Ooyala
- Type: Subsidiary
- Industry: Media & Entertainment technology and services
- Founded: 2007, Silicon Valley, California
- Founder: Bismarck Lepe Belsasar Lepe Sean Knapp
- Defunct: July 19, 2019; 7 years ago
- Fate: Acquired And Dissolved By Dalet; Sold To Brightcove
- Area served: Worldwide
- Number of employees: 500
- Parent: Dalet
- Website: ooyala.tv

= Ooyala =

Ooyala (pronounced /uːˈjɑːlə/ "oo-YAH-la") was a privately owned company focusing on video content workflow management systems. It began in 2007 as a venture-backed, privately held company founded by brothers Bismarck Lepe and Belsasar Lepe, and their colleague and friend from Google, Sean Knapp. It was acquired by Australian telecom giant Telstra in 2012, which sold it to Ooyala management in October 2018 writing off all its investment. In Feb 2019 Ooyala sold its OVP business to Brightcove.

In July 2019, Dalet, a provider of solutions and services for broadcasters and content professionals, acquired the Ooyala Flex Media Platform business. The asset deal included the Ooyala Flex Media Platform and brand, as well as Ooyala personnel across sales, marketing, engineering, professional services, and support.

The word ooyala means 'cradle' or 'swing' in Kannada or Telugu (ఊయల).

== Early history ==
In January 2007, Bismarck Lepe was working for Google. While developing new monetization techniques for YouTube, he came up with the idea of using computer vision techniques to deliver targeted advertising on TV shows recorded on TiVo. He contacted his brother Belasar and a friend, Sean Knapp, to discuss his idea.

In its first round of funding, Ooyala raised money from a number of angel investors and businesspeople, including Scott Flanders, CEO of Playboy Enterprises; Tim Koogle, Former CEO of Yahoo!; and Oliver Grace, Kip Hagopian, Fred Warren, and Ron Conway. Eight months later, Ooyala raised an additional $8.5 million from Sierra Ventures.

By August 2009, Ooyala was providing video technology and services for over 500 companies under the direction of new CEO Jay Fulcher, formerly of Agile, PeopleSoft, and SAP.

Two more rounds of fund-raising followed in 2010 and 2011. Ooyala had raised $42 million from Sage Venture Partners, Sierra Ventures, Rembrandt Ventures, CID Group (a Shanghai-based private equity fund), Hitochu and Panasonic.

In April 2019, the Online Video Platform business was sold to Brightcove. Ooyala focused all its business and GTM strategy on further growing the Ooyala Flex Media Platform, a content supply chain solution.

In July 2019, the Ooyala Flex Media Platform was acquired by Dalet.

== Telstra subsidiary ==
In June 2012, Telstra led a $35 million (USD) round of financing in Ooyala, and took a 5 percent stake in the company. It announced plans to use Ooyala’s software and services to deliver its television content online and, further, to resell it to other media companies and corporations. It invested a further $26m over intervening years before announcing on 1 October 2014 that it had acquired Ooyala with 98per cent ownership in a deal valued at $270m.
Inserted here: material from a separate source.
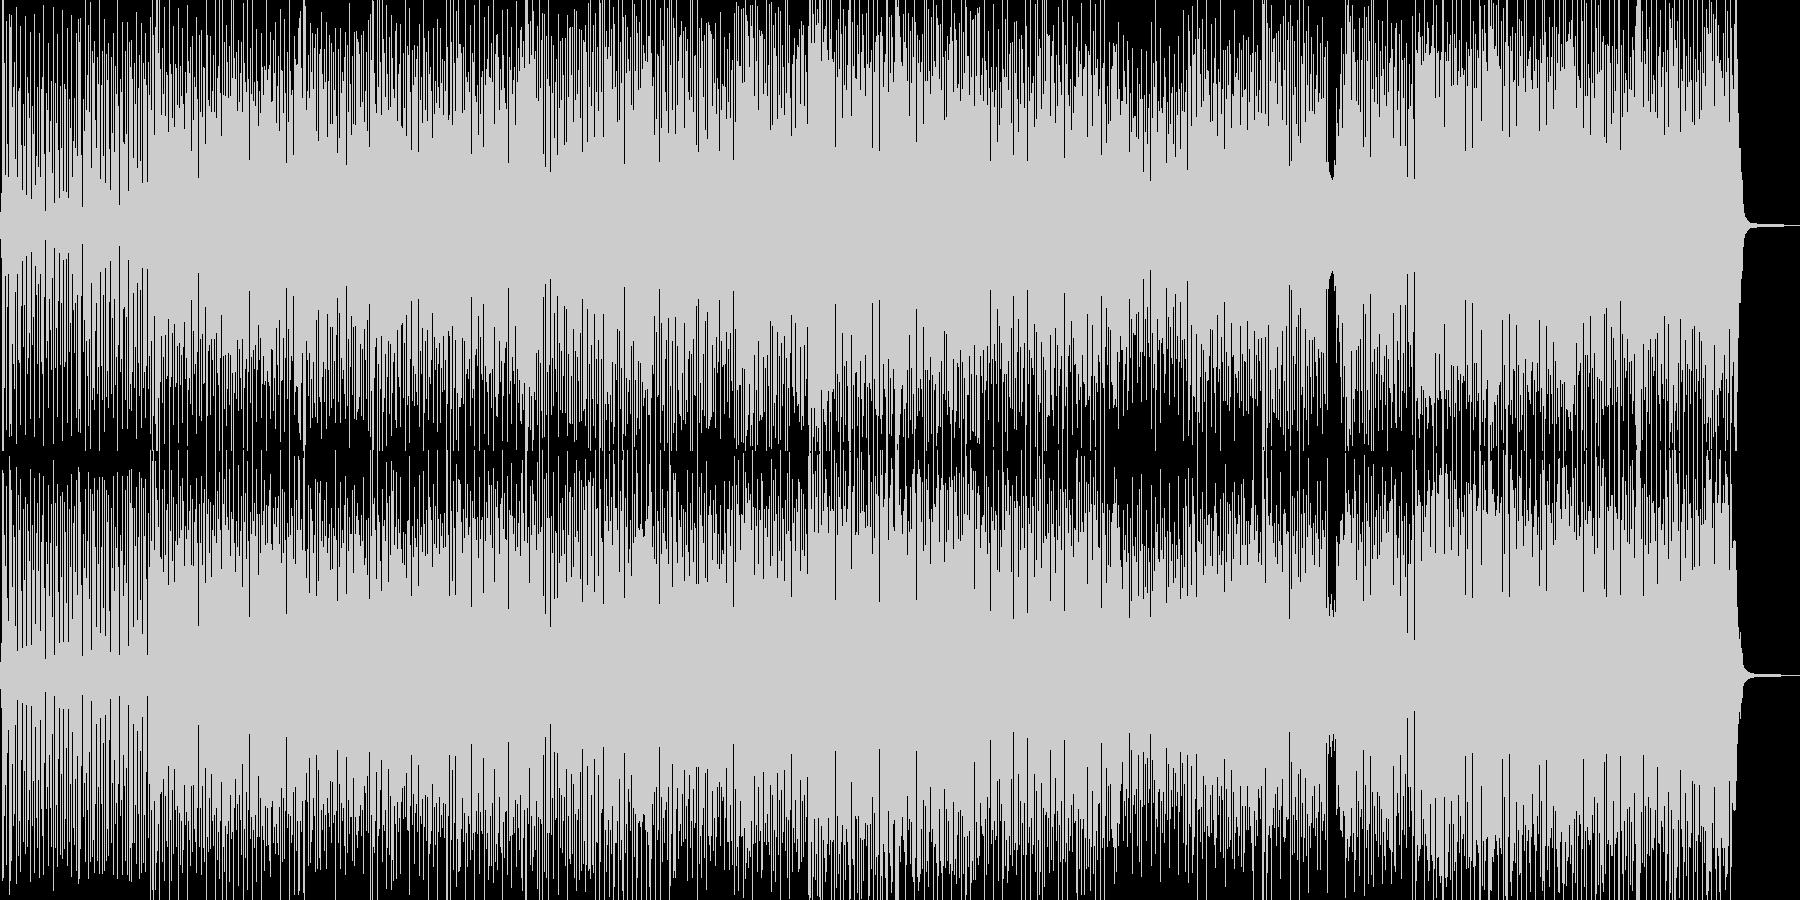 (。^U^)bなスカポップの未再生の波形

Under Telstra, Ooyala acquired European adtech provider, Videoplaza in 2014 and logistics and workflow software vendor, Nativ in 2015.

In 2016 Telstra wrote down the value of the company by $246m reflecting poor performance of the advertising technology part of the business. In February 2018 Telstra wrote down the rest of the value of the company, taking a $273m impairment, and pulled it from the advertising technology area to focus on its ongoing video platform and media logistics system.

In October 2018 Telstra sold video-streaming platform Ooyala the platform back to Ooyala management. Telstra originally acquired Ooyala for more than $500 million in 2012 and subsequently wrote down to a value of zero in February 2018.

== Products ==

Ooyala initially focused on applying computer vision techniques to create clickable video. As the company grew, it expanded its scope to develop technologies that improve the quality and speed at which online video is delivered, and allow Web publishers to measure, monetize and optimize their video content. Its online video platform enables Web sites to publish, manage, monetize, and analyze online video content. It is built to be modular and provides real-time analysis capability to its customers. Its workflow management system is called Flex media logistics.

In 2010, the company deployed one of the first large-scale Cassandra clusters for its analytics and video transcoding services.